=== Section Start ===

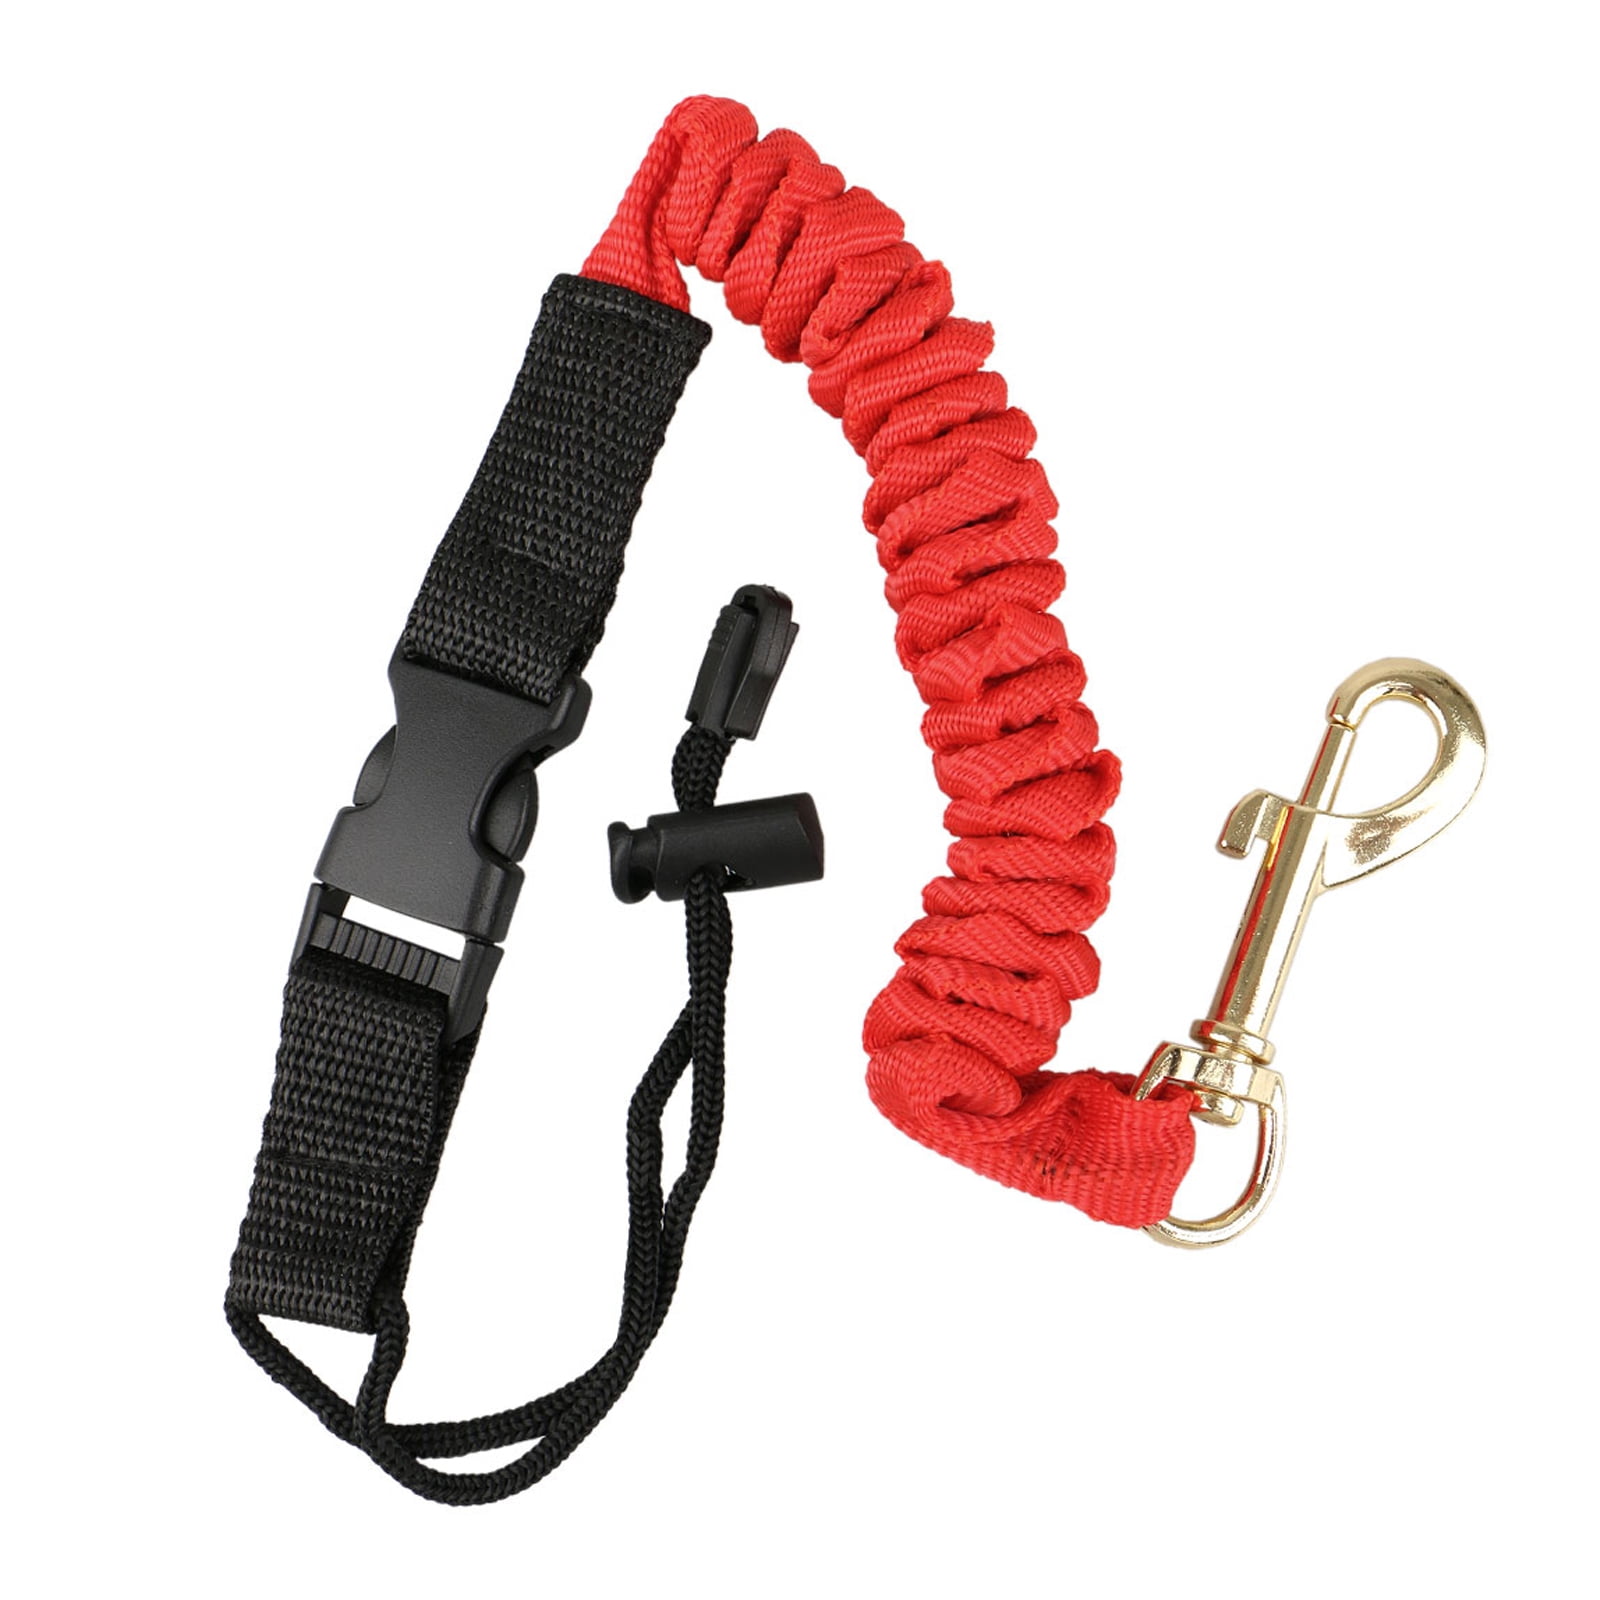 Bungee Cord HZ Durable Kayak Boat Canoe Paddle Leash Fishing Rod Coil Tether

=== Section End ===
=== Section Start ===

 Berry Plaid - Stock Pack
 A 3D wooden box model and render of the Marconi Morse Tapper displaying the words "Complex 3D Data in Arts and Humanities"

=== Section End ===

### [WHAT YOU HAVE TO DO]
Return the span of lines in the data above that opens at the line with "Berry Plaid - Stock Pack" and closes at the line with "A 3D wooden", exactly, ends included, nothing else.

### [RESPONSE BOX]
 Berry Plaid - Stock Pack
 A 3D wooden box model and render of the Marconi Morse Tapper displaying the words "Complex 3D Data in Arts and Humanities"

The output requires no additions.